→ **Directions for this task**:
What follows is a listing to transcribe exactly, leaving the pictures out.

Start of The data

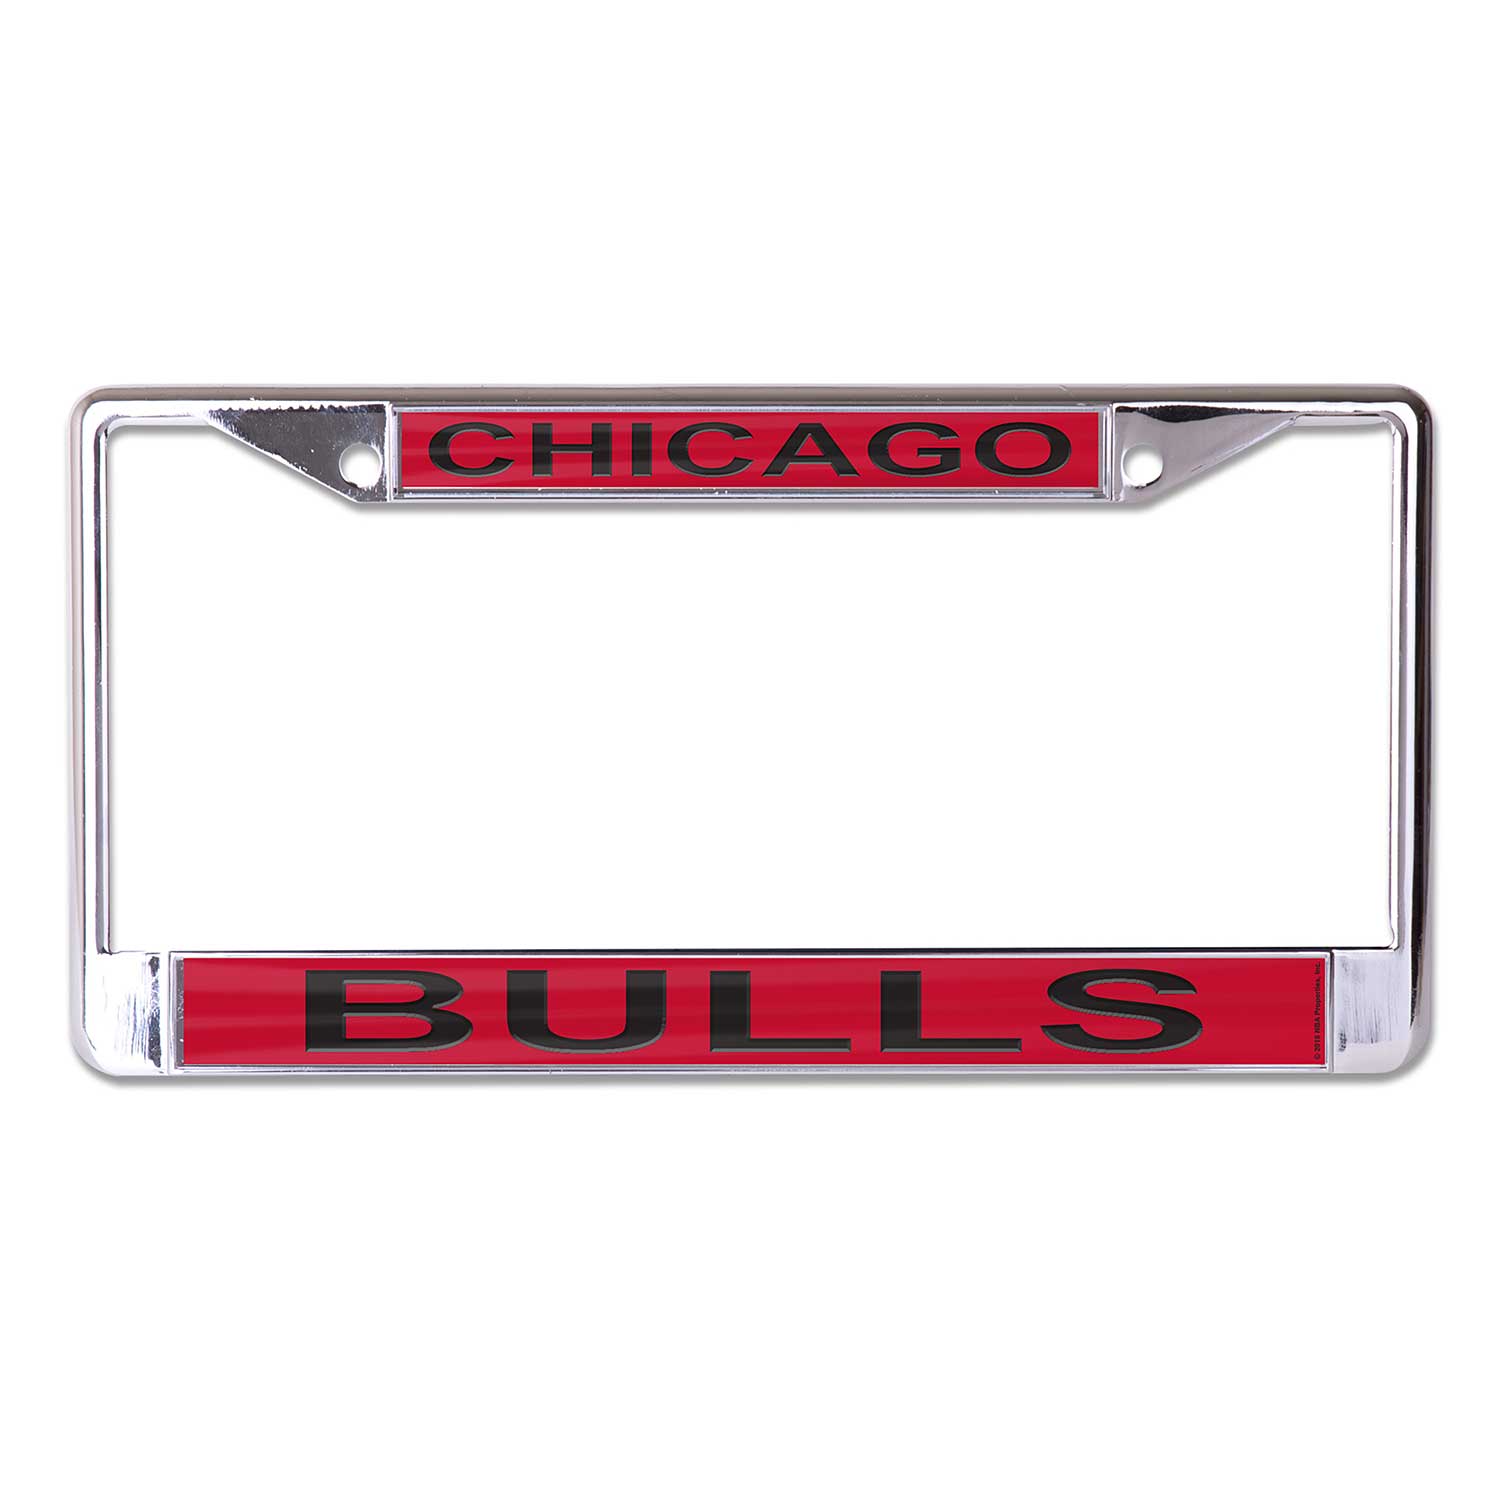 Chicago Bulls License Plate
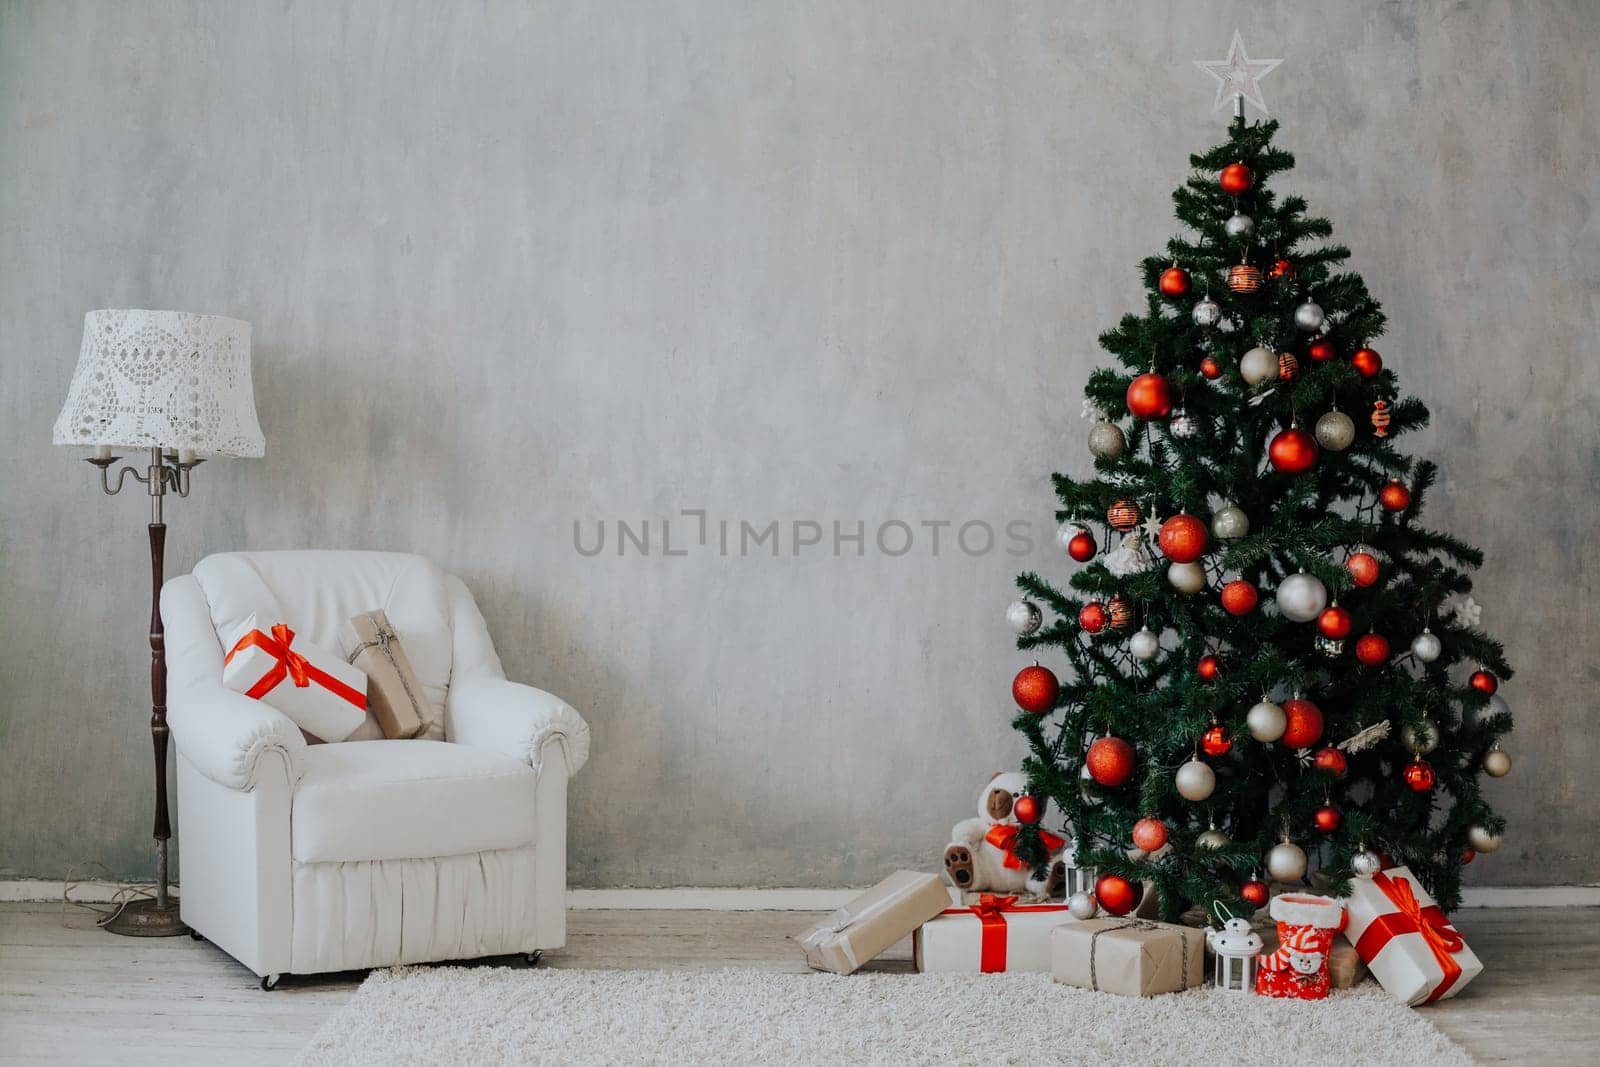 Christmas decor for Christmas with gifts 1
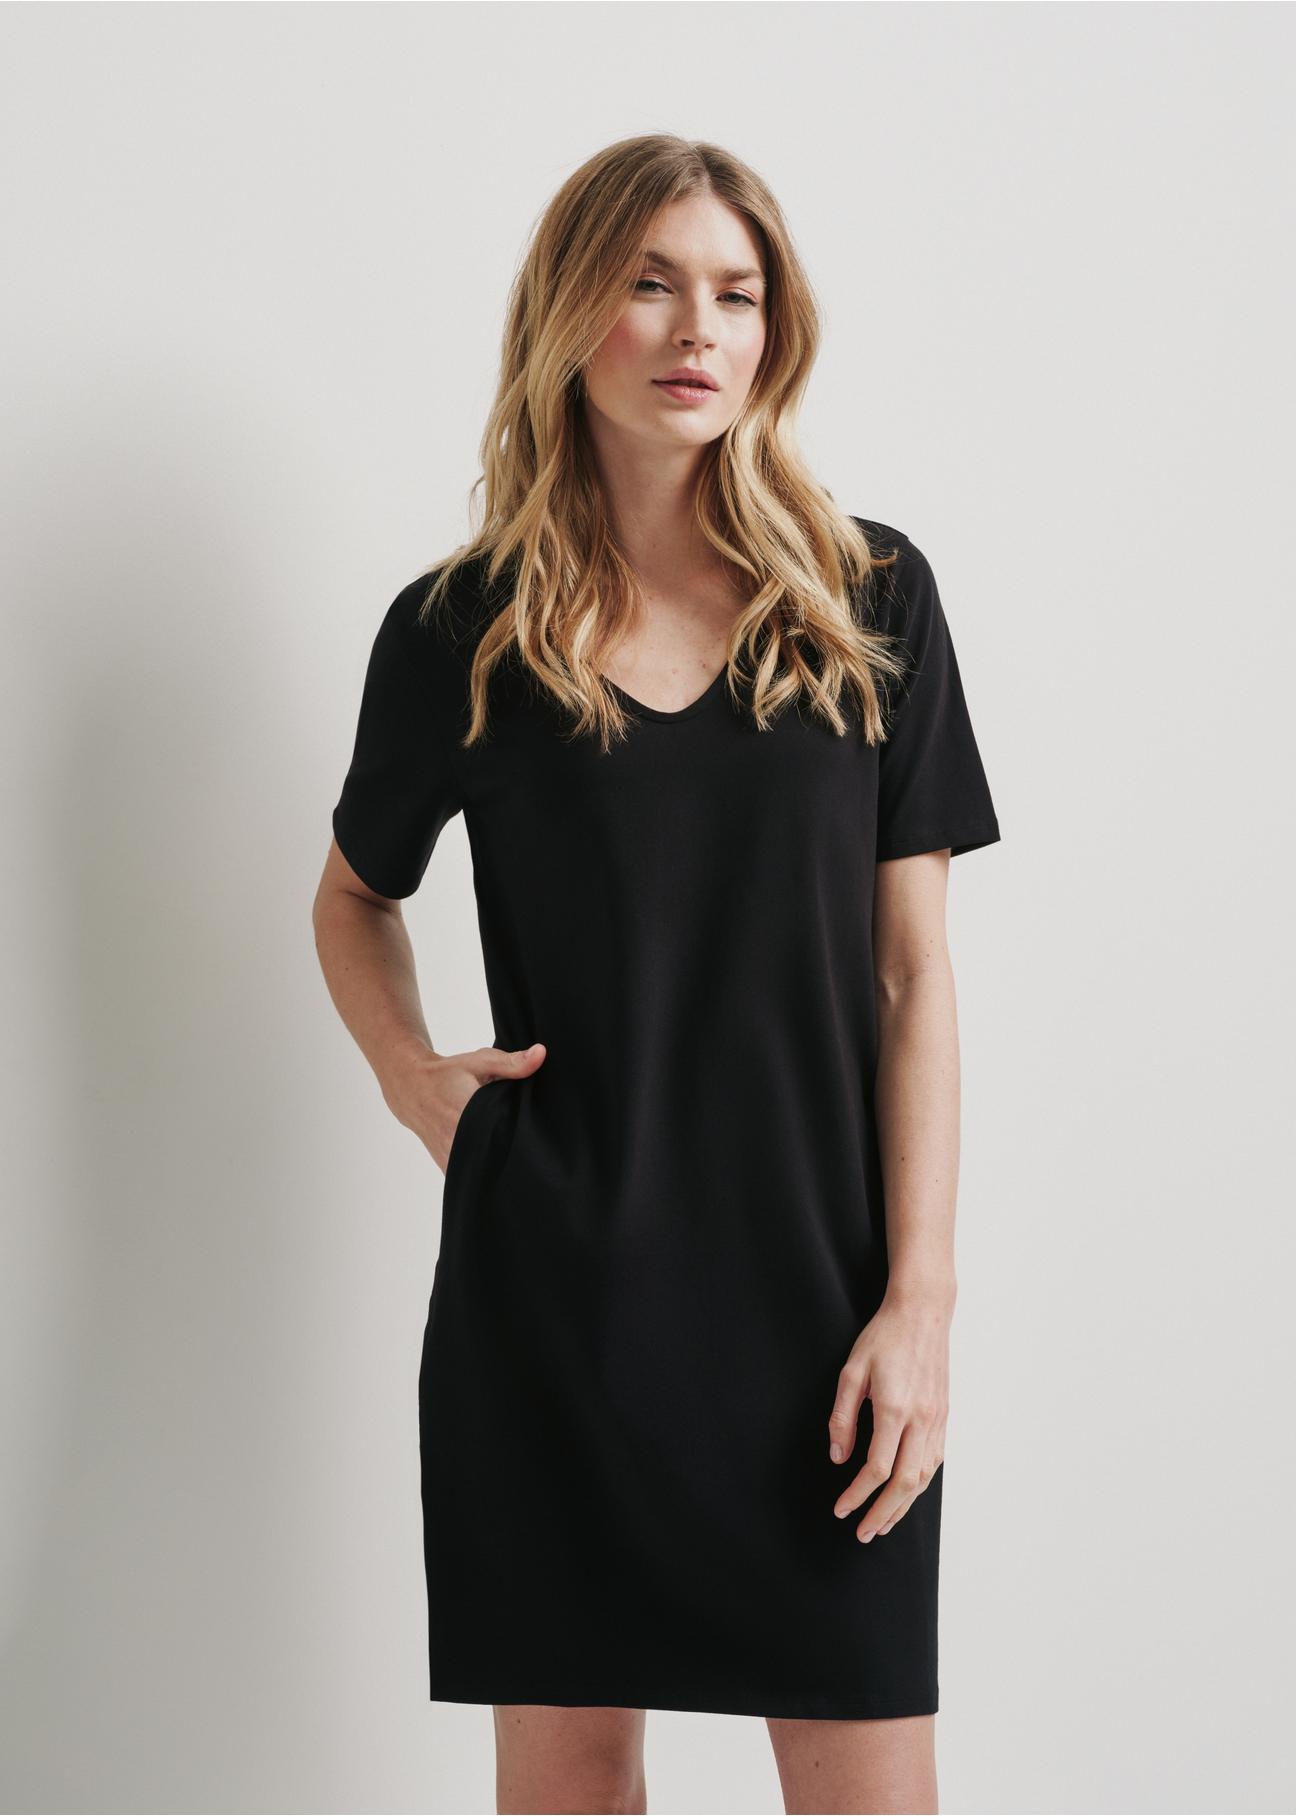 Krótka bawełniana czarna sukienka SUKDT-0185-99(W24)

End of The data

→ **Answer box**:
 Chicago Bulls License Plate
 Christmas decor for Christmas with gifts 1
 Krótka bawełniana czarna sukienka SUKDT-0185-99(W24)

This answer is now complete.